Current state of DSLs

Trizbort supports export to several domain-specific languages, in varying states of completeness. All DSLs export rooms and connections, some add objects, and some add containment relationships. Missing features are easy to add, but may require better knowledge of the DSLs themselves. I’m a TADS user, and I dug into Inform 7 to get the export right. A github user kindly helped with some of the Quest implementation, but it needs attention. There’s also Alan 2/3, but I am not sure too many people use that.

Trizbort has features for dark rooms, but no template uses that feature yet. I’m currently adding support for (locked) doors, and I’ll be adding export to TADS for that. For Inform - input very welcome.

Adding new DSLs

Currently, adding new export languages to Trizbort requires fiddling with the code. There is no feature for uploading new templates. If you’d like to experiment:

  • A package of Handlebars templates and JavaScript helpers are stored under /src/codegen.
  • To make a new code generation option available, it must be added to the main menu (/src/panels/menuPanel), where you can just copy-paste one of the existing options.

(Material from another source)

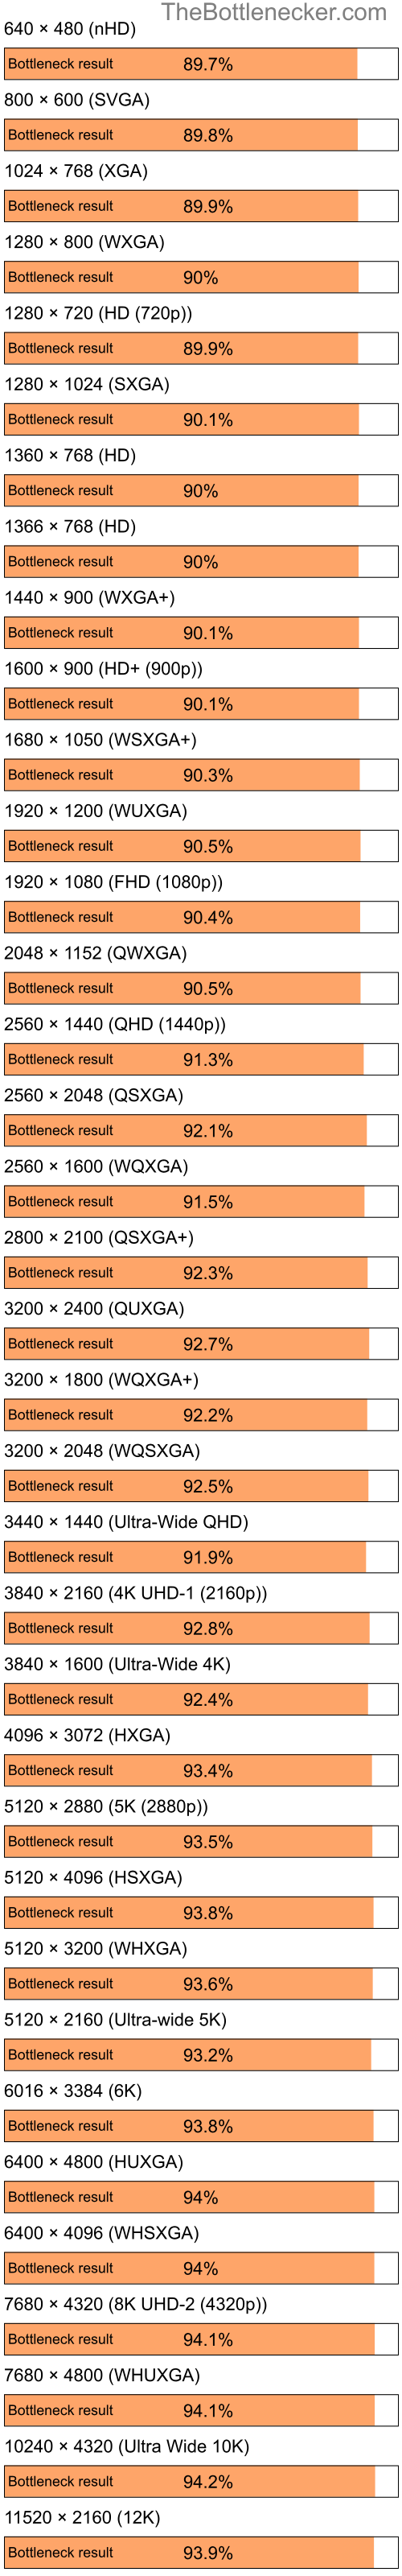 Bottleneck results by resolution for Intel Celeron and NVIDIA GeForce4 MX Integrated GPU in Graphic Card Intense Tasks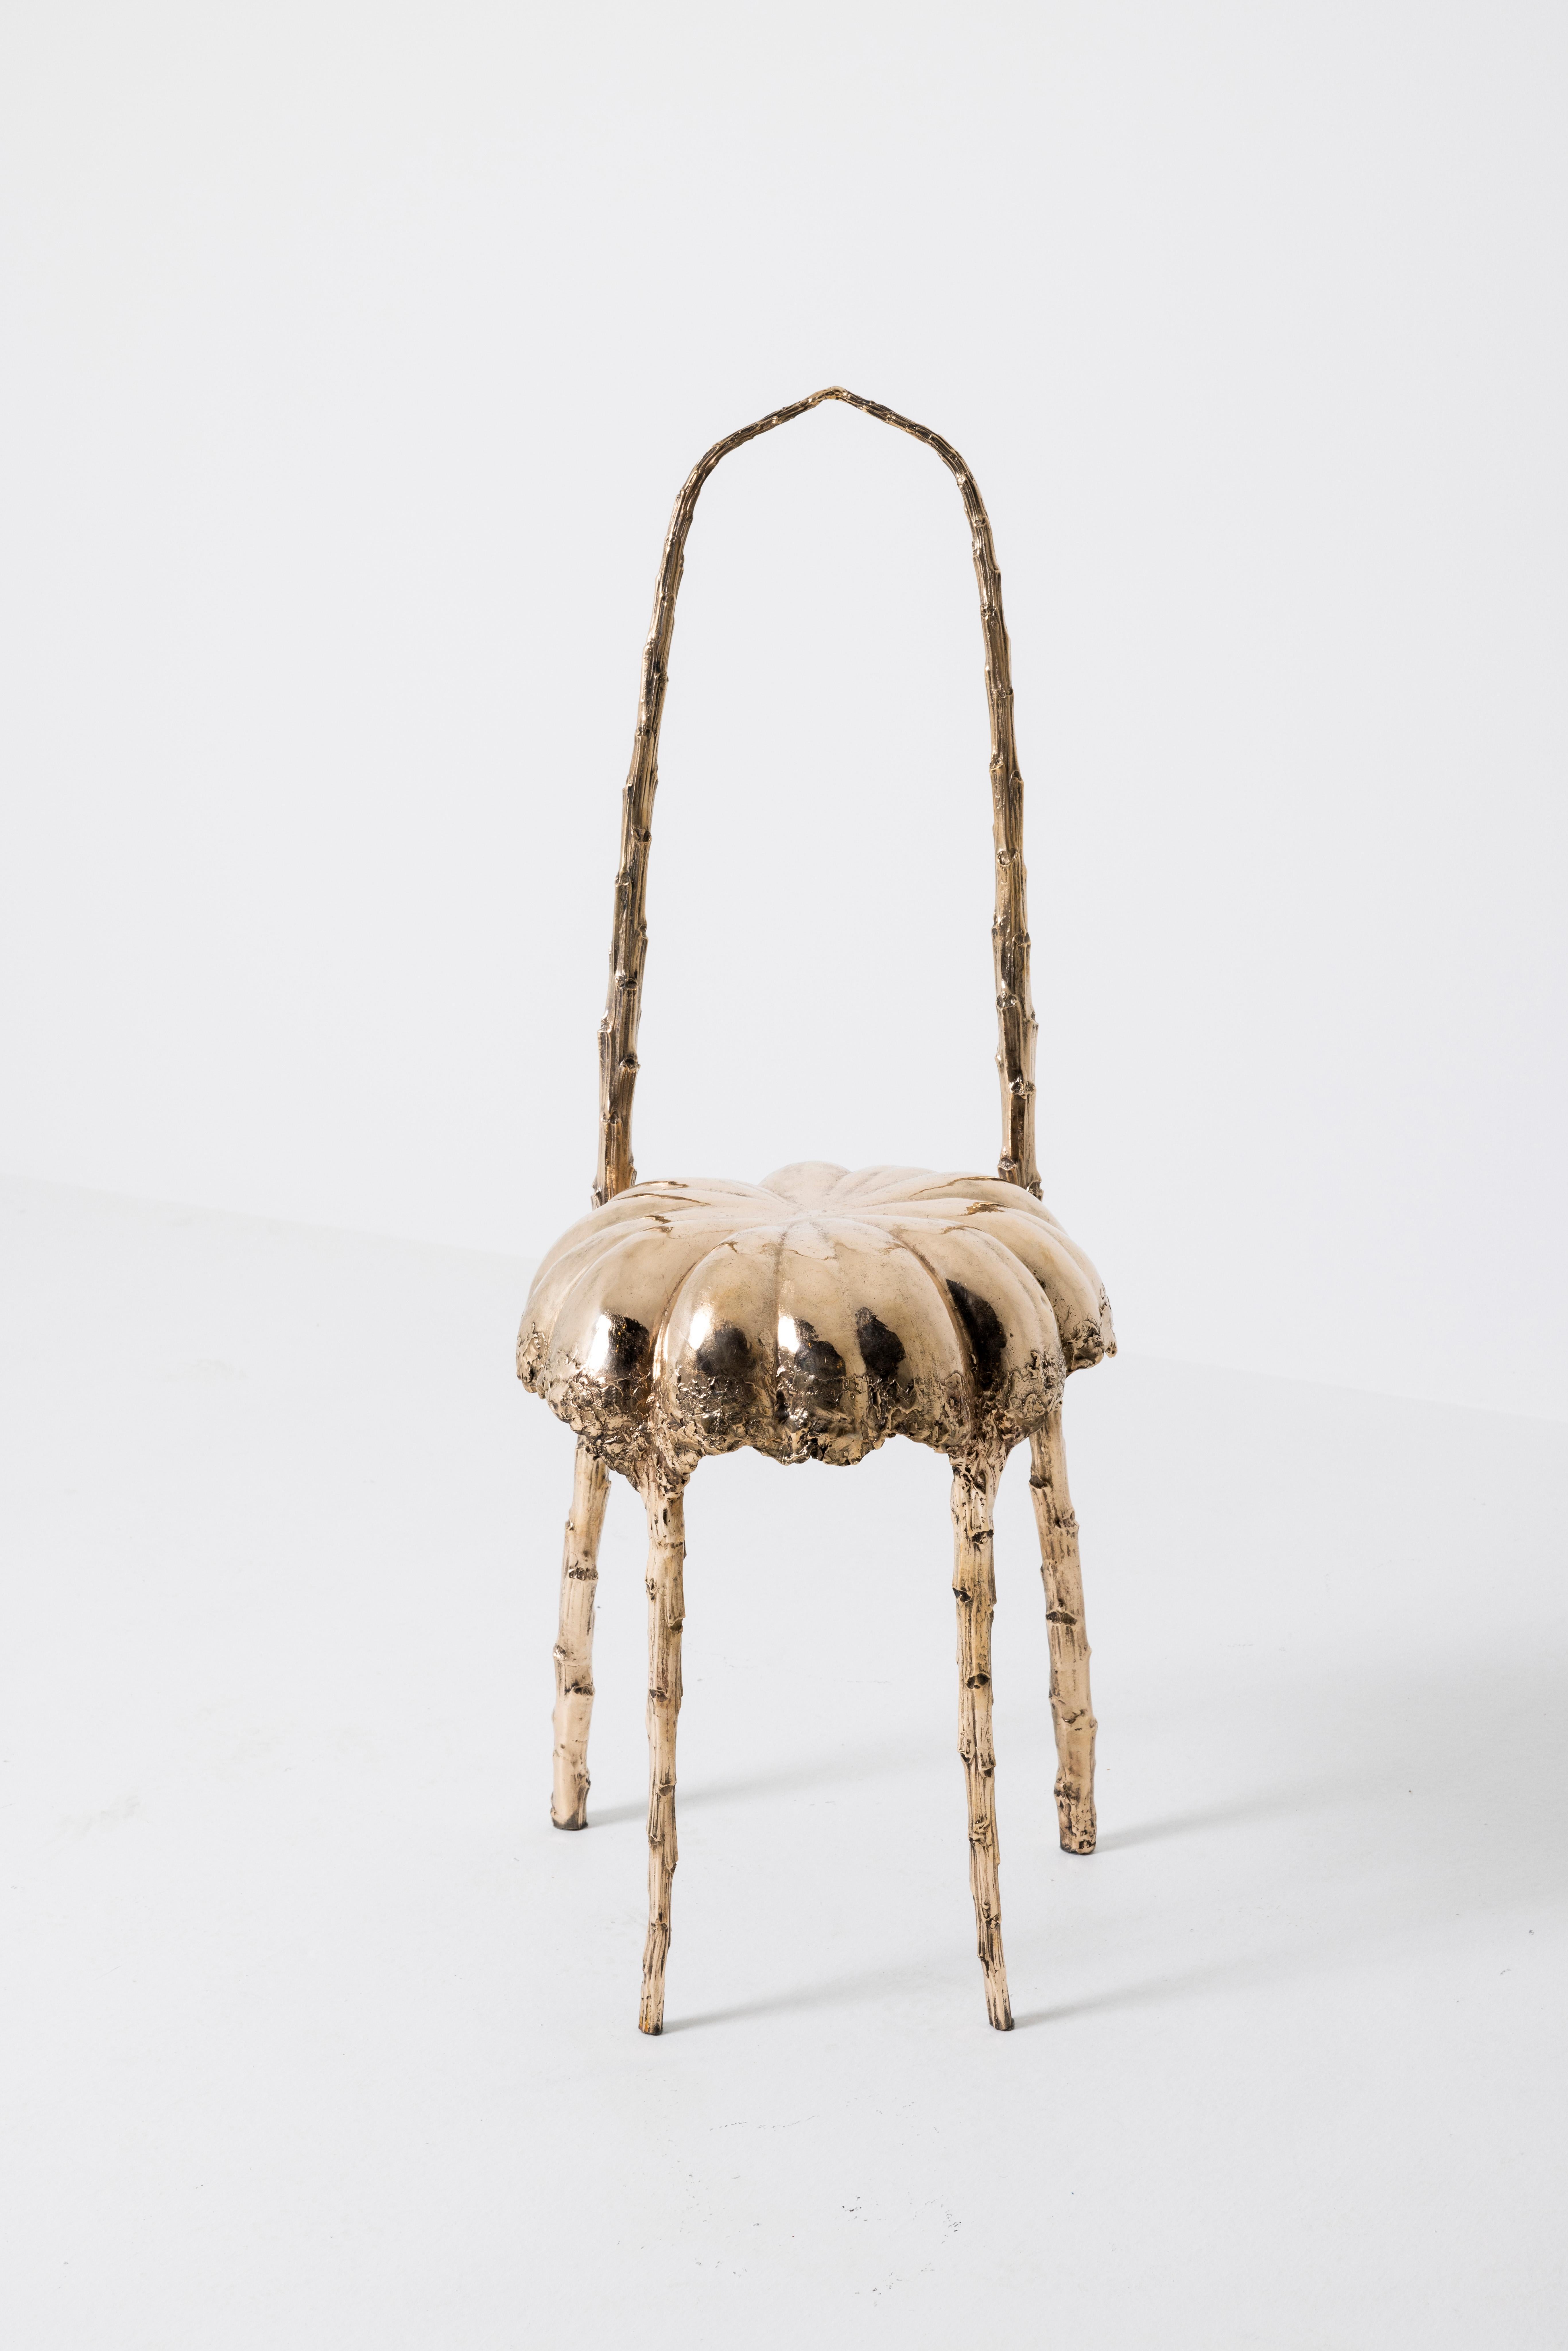 Belgian Contemporary Bronze Jellyfish Chair by Clotilde Ancarani For Sale

Making DSLs dynamic, i.e. where you upload a new specification to Trizbort would mean parsing Handlebars templates on the fly. That is possible to do. However, it would not be easily possible to parse JavaScript helpers, so it might be better to express these in some sort of template language as well. That seems a big task.

Thanks, nice write up. was just updated with support for hand-drawn styles, and a number of bugfixes.